23.11.2009

Travailleurs sans papiers: faut-il fermer Bouygues ?

Plusieurs dizaines de travailleurs sans papiers occupent depuis le début de l'après-midi le chantier de rénovation de la tour First (ancienne tour Axa), à la Défense, pour réclamer leur régularisation.

Une partie des manifestants est installée autour du chantier tandis que d'autres occupent les préfabriqués, sans que leur action n'interrompe les travaux, dirigés par Bouygues construction.

Plusieurs sans-papiers affirment, badges à l'appui, qu'ils travaillent sur ce chantier. «Les employeurs savent qu'on est des sans-papiers. On veut une circulaire du gouvernement avec des critères simples pour être régularisés», a déclaré l'un d'eux à l'AFP, sans dévoiler son identité.

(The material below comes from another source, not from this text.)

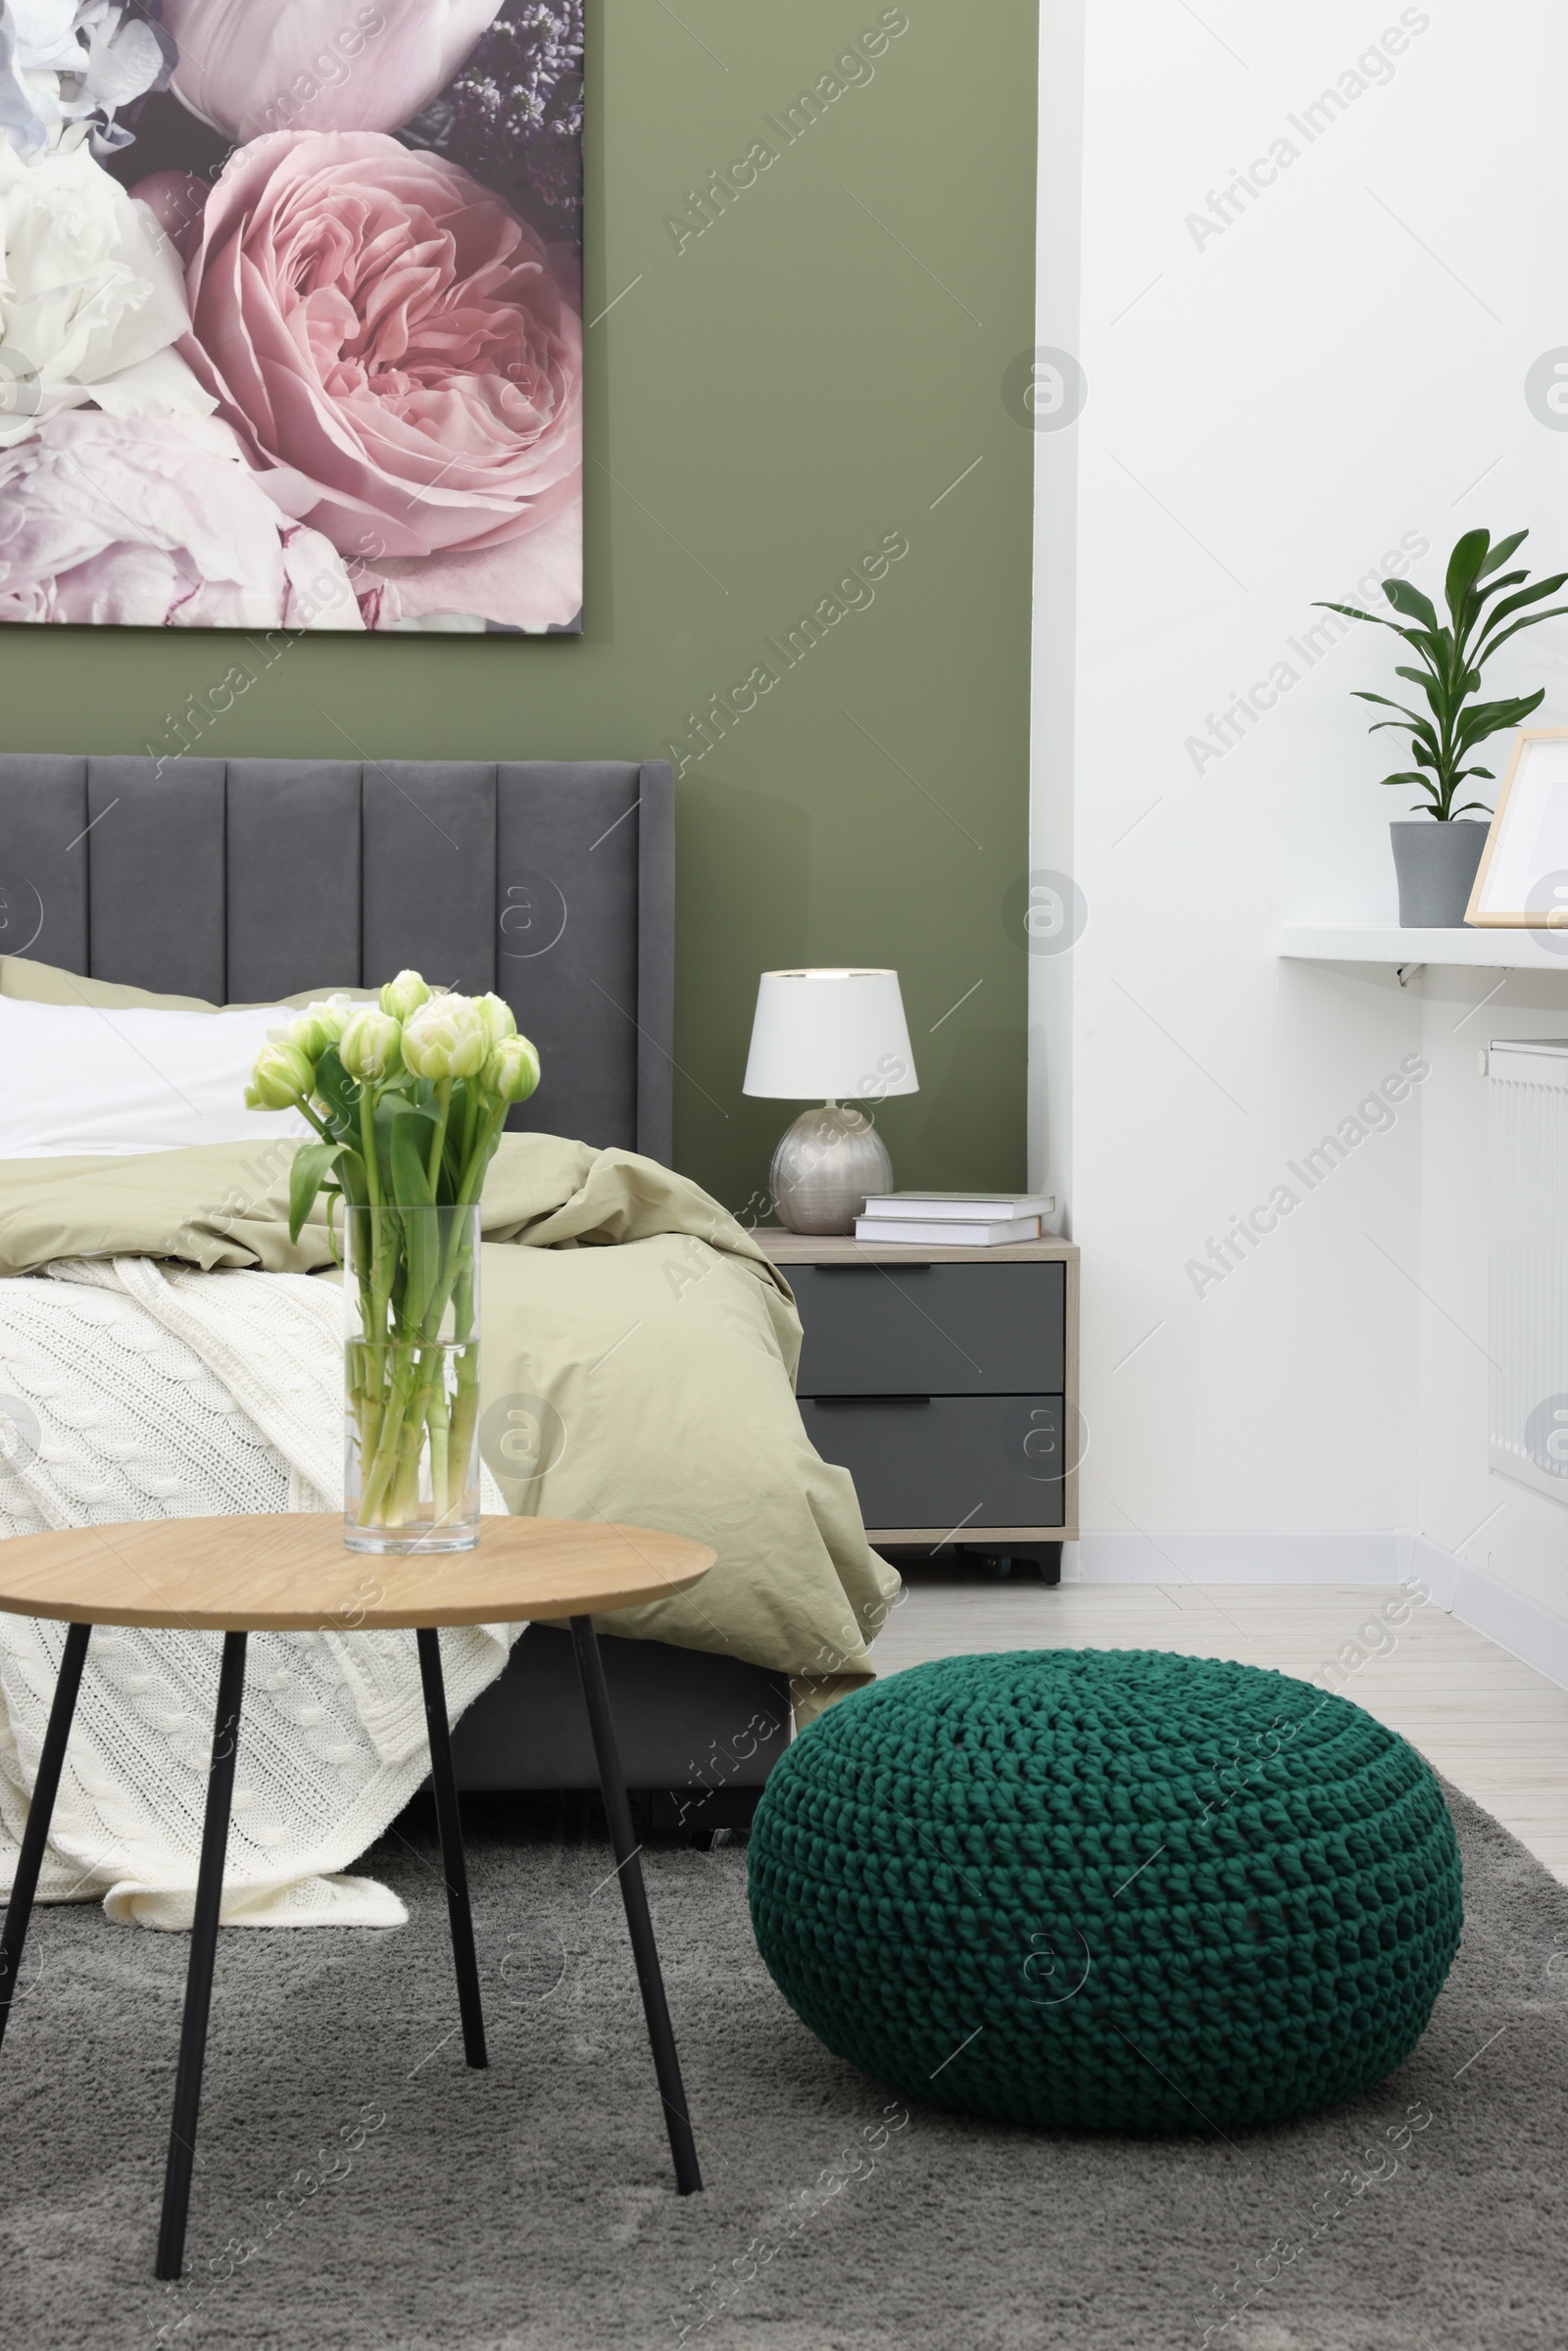 Photo of Stylish bedroom with comfortable bed, bedside table and vase of tulips. Interior design

Environ 300 travailleurs sans papiers avaient déjà occupé le 2 novembre les préfabriqués situés sur ce chantier, avant d'être évacués quelques heures plus tard par les forces de l'ordre.

«Lors de la précédente occupation, nous avons été évacués sans aucune décision de justice, ce qui était une atteinte au droit de grève. Il faut savoir que dans le bâtiment public, 70% de l'activité est sous-traitée. Et plus on descend bas dans la sous-traitance, plus on trouve des travailleurs sans papiers» explique Oliver Villeret, de l'union départementale CGT de Paris.

Cette occupation s'inscrit dans le mouvement national d'action lancé depuis le 13 octobre sur des sites tels que les chantiers, restaurants ou entreprises de nettoyage, des secteurs qui emploient de nombreux sans-papiers.

Le ministre du Travail, Xavier Darcos, a annoncé que les préfets pourront prononcer la «fermeture administrative» des entreprises employant des travailleurs sans papiers.